Lugh::Optimizer::AdamW
Adam optimizer with decoupled weight decay (AdamW). Recommended for transformer models.
my $adamw = Lugh::Optimizer::AdamW->new(
lr => 1e-4, # Learning rate (default: 0.001)
beta1 => 0.9, # First moment decay (default: 0.9)
beta2 => 0.999, # Second moment decay (default: 0.999)
eps => 1e-8, # Numerical stability (default: 1e-8)

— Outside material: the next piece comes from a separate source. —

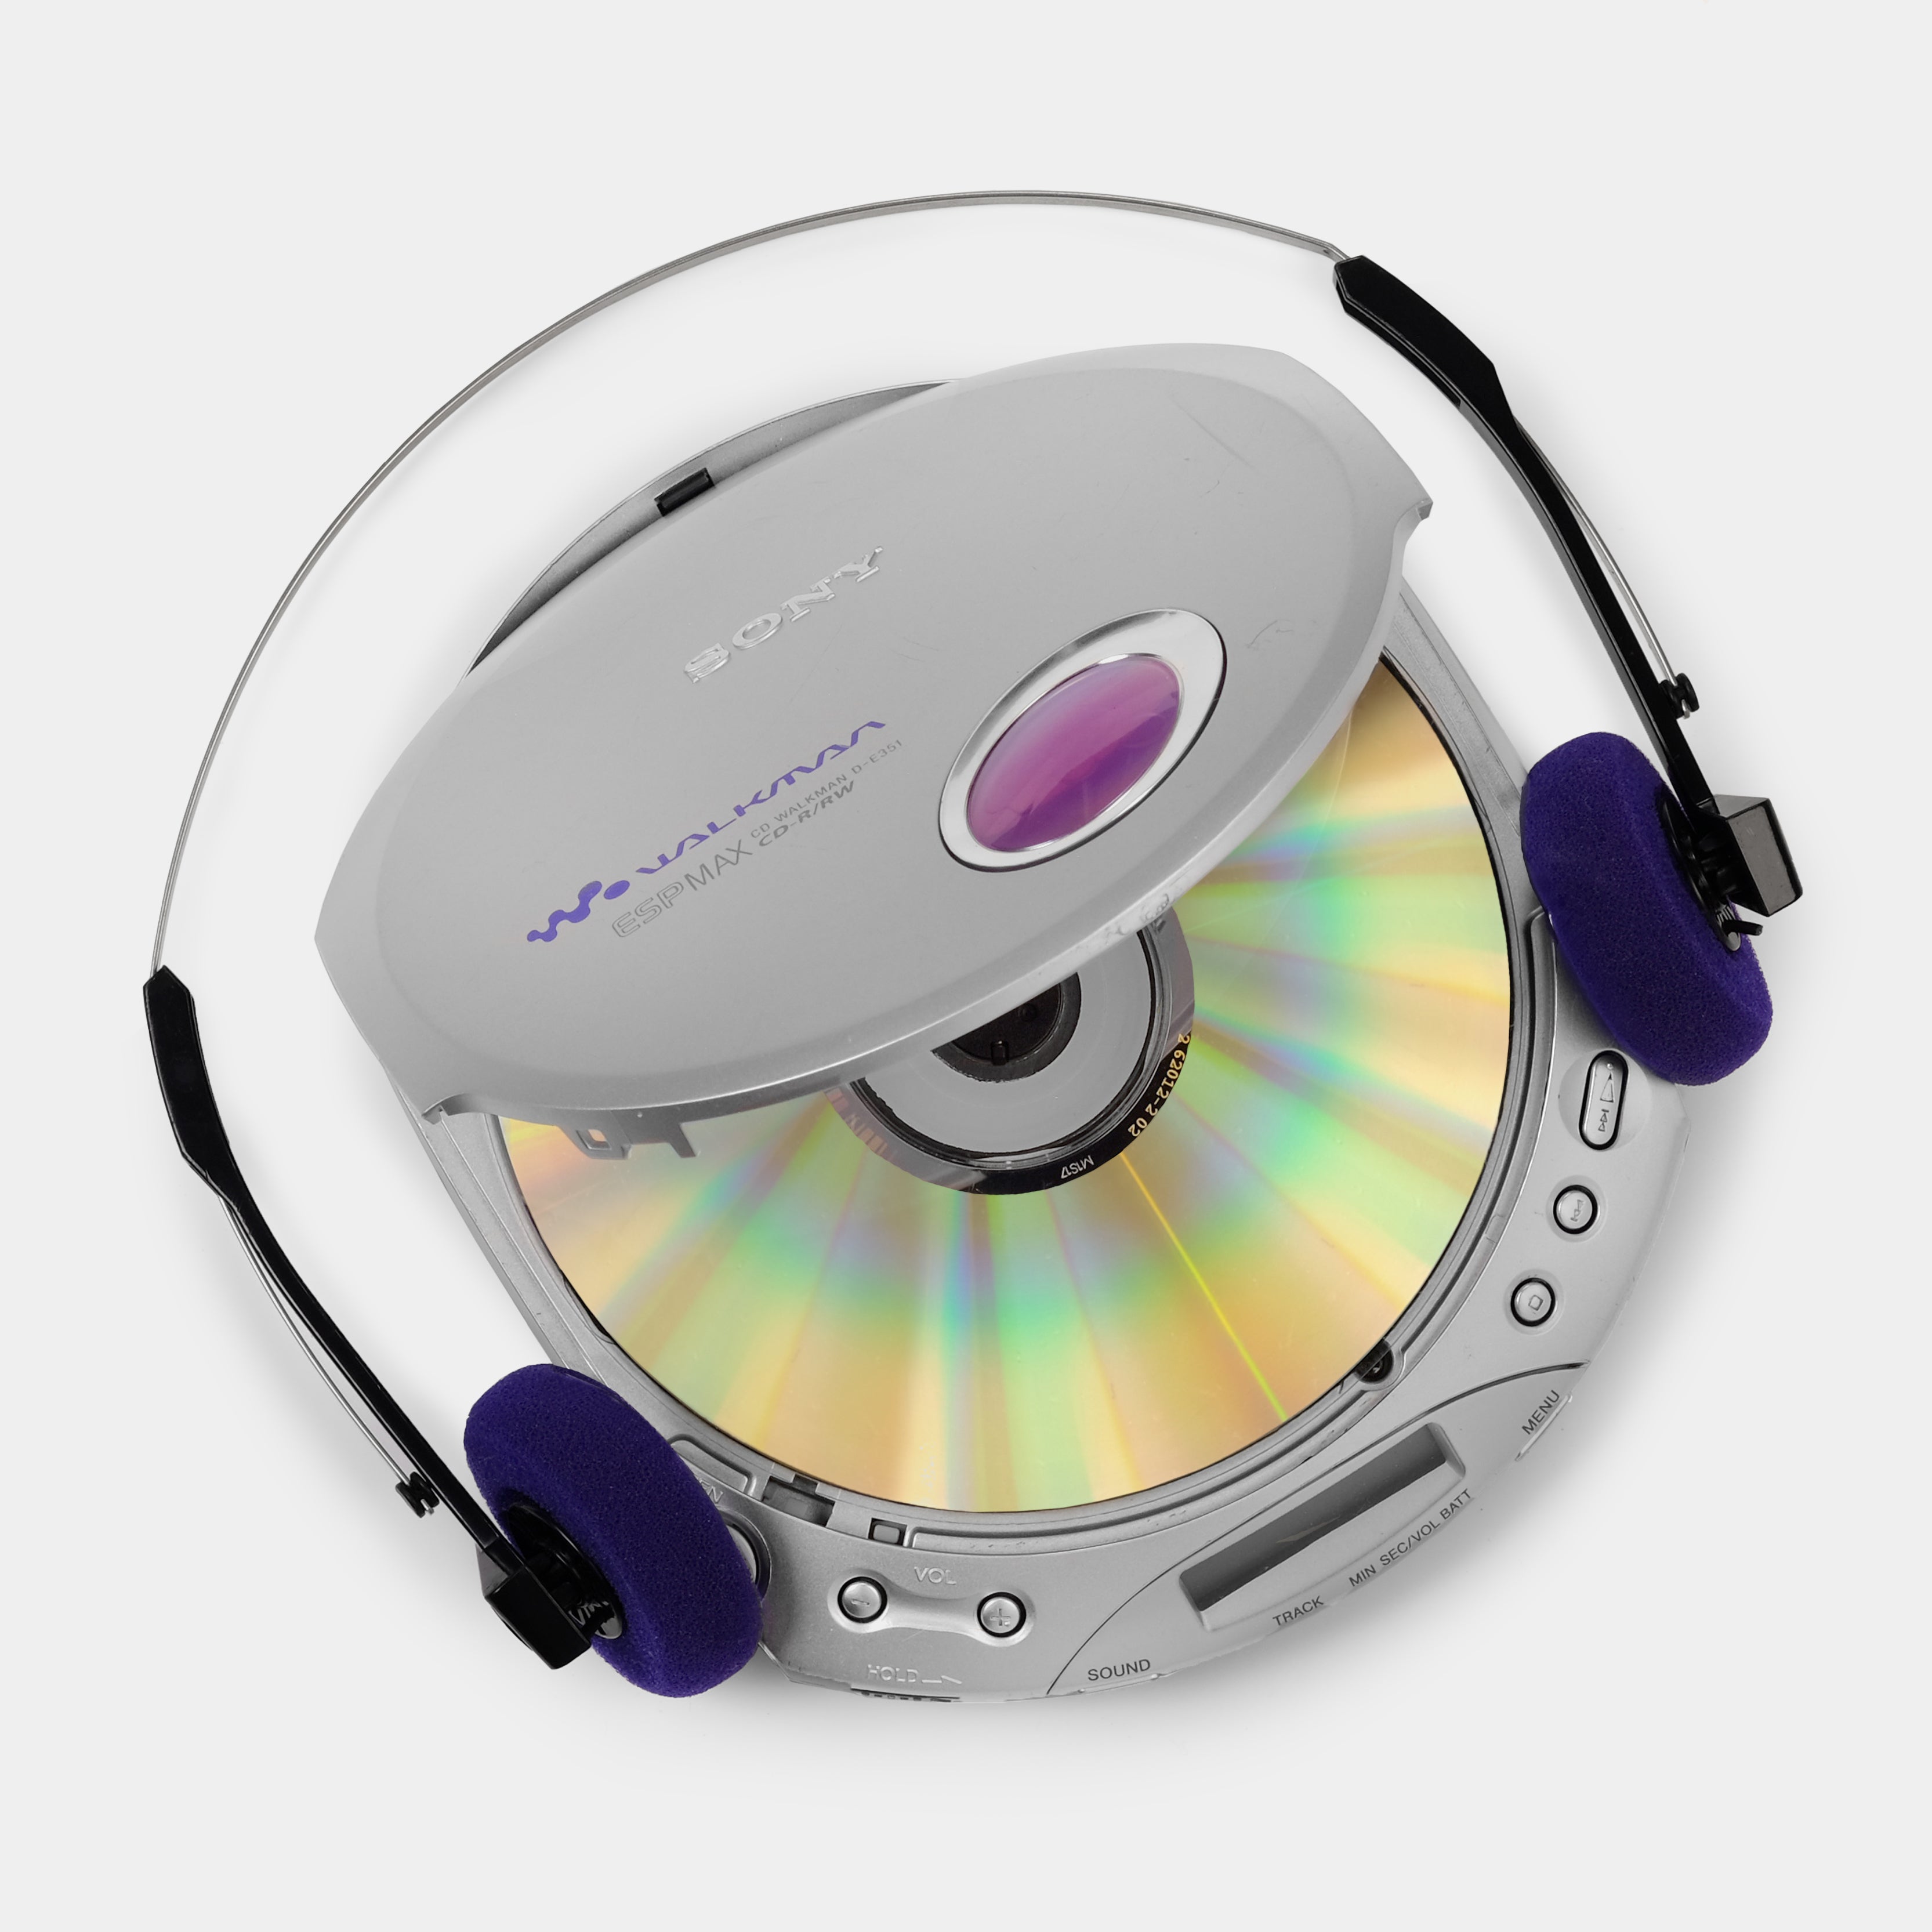 Sony Walkman D-E351 Portable CD Player

weight_decay => 0.01, # Decoupled weight decay (default: 0.01)
);
Methods
Same as SGD, plus:
AdamW vs Adam
AdamW applies weight decay directly to the weights (decoupled), rather than adding L2 regularization to the gradient. This leads to better generalization for large language models.
LEARNING RATE SCHEDULERS
Lugh::Optimizer::LRScheduler
Adjusts learning rate during training according to a schedule.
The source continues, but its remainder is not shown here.